Lund also offers regular methods which include STEM-EDX on the 300kV TEMs, HRTEM with aberration correction, and also SEM-EDX as a support to the TEM studies on a sample.

Then, the information of the sample state is in-situ recorded by the CCD camera. In time-resolved mode, a femtosecond laser pulse (in UV wavelength) is steered into a modified column of a TEM and directed onto the cathode to generate a few electrons ultra-short electron pulse through a photoemission process. The femtosecond electron pulse travels through the column to the sample. A second laser pulse (from the same source) is directed through an adjustable optical path towards the sample to trigger ultrafast dynamics (phase transition, mechanical motion, spin dynamics etc.), thus enabling a temporal reference point (time zero) for the changes that occur.

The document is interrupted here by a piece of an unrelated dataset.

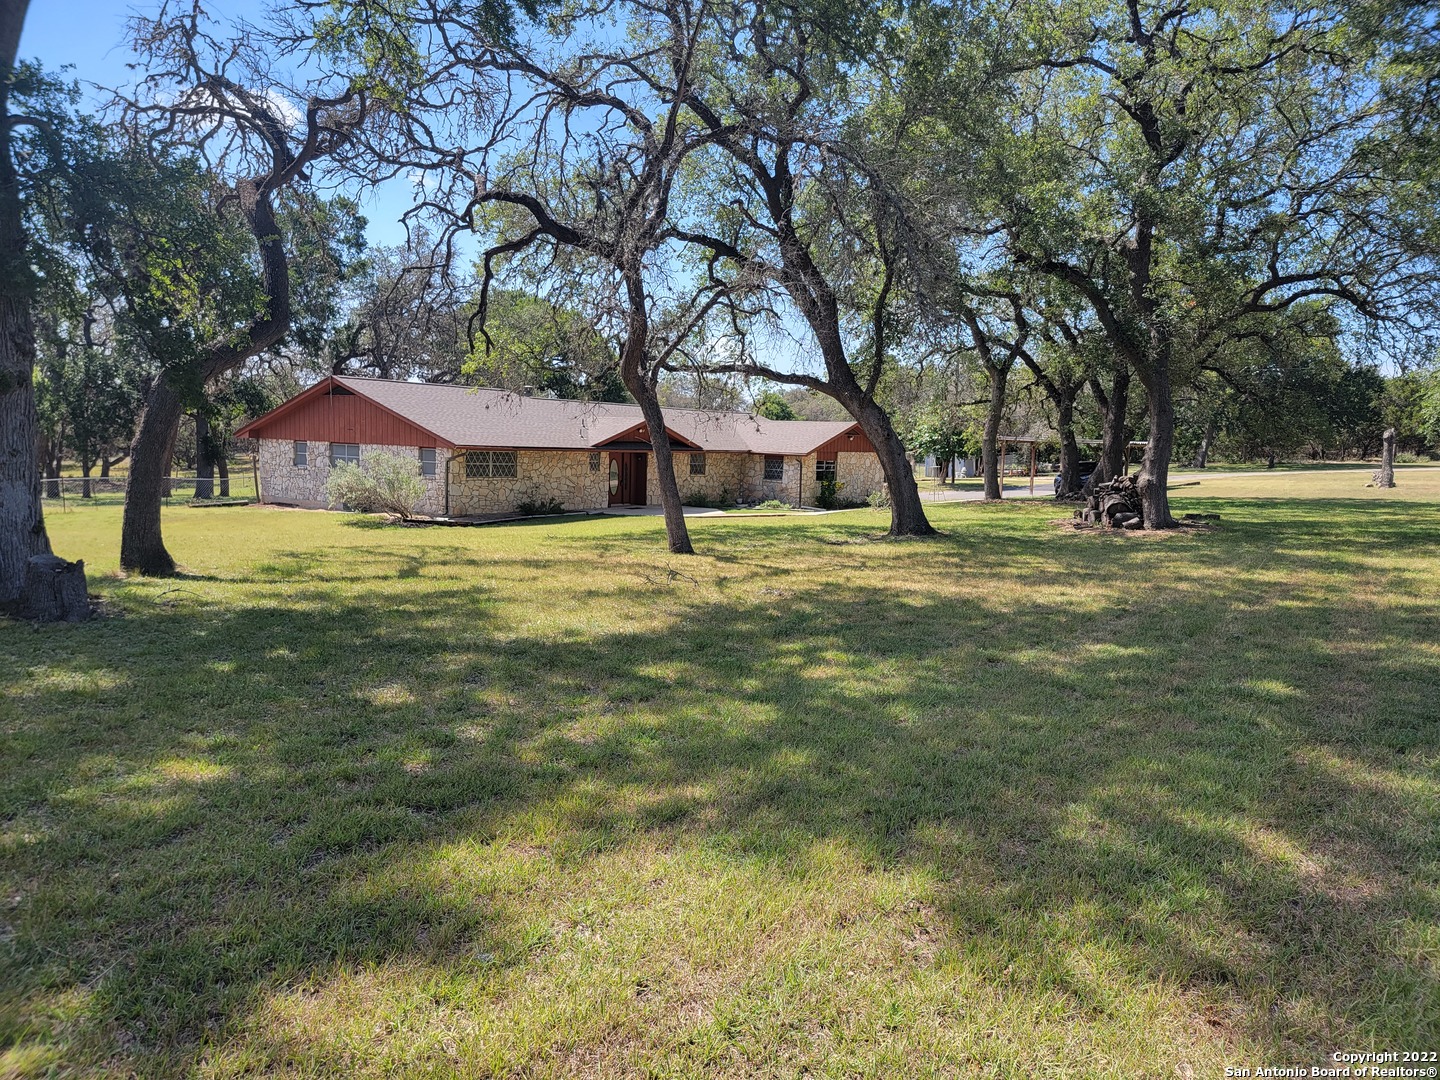 6 ACRE Lot in Boerne, you can have Horses!! Wow! This 4/3/2 home is country living at its finest! This home offers all the convenience of a modern home, yet has a distinct tasteful country feel. The focal point of the home is the living room boasting lots of character with vaulted ceilings, fireplace and stone accent wall. There is a sunroom just of the living room that may serve as second living area with two sliding glass doors providing a view of the covered deck and rear yard. Then step down into a third living area, the den, featuring an antique wood burning fireplace and a sliding glass door allowing access to the deck. The kitchen is spacious offering recently installed cabinets, granite countertops, and stainless steel appliances. The oversized two car garage is ideal for a workshop. Other features include a guest bedroom with a private bath, recently installed roof, foundation repairs, laminate wood flooring, plush carpet, fresh paint, electric gate at entrance to property, an above ground pool, horse stalls/large shed, mature trees and more. Come see for yourself. You won't be disappointed !

By fine-tuning, at the femtosecond time scale, the relative arrival time of the laser pulse (pump) and electron pulse (probe pulse), a series of micrographs (or diffraction patterns) can be recorded during the process of change in state and information on many aspects of its dynamic or transient properties can be obtained.

The UEM in this design can produce nanometer resolution in the imaging mode, a precision of a few thousandths of an Ångström in diffraction mode, and that with a time resolution of sub picosecond. This is 10 orders of magnitude better than conventional microscopes, which are limited by the video-camera rate of recording.

In a TEM laboratory of the Uppsala University node, one of our foci are the spectroscopy techniques of EDS and EELS. They are available on our probe correction Titan-Themis TEM. The state-of-the-art energy filter was installed in 2023 and is equipped with a 4K CMOS camera and a hybrid-pixel camera. The latter camera operates close to an electron efficiency of 1 and therefore close to shot-noise limit. This is very important for the acquisition the small intensities that we obtained in our EELS measurements at atomic resolution. Furthermore, the same camera can acquire up to 13.000 full frame images per second which makes it possible to acquire 4D-STEM data such as needed to obtain diffractions scans or dynamic phase contrast (DPC) mapping. The latter technique is used to visualise among else magnetic and electrical fields. To analyse energy materials, we have available low and high temperature sample holders as well as in-situ biasing and electrochemical sample holders.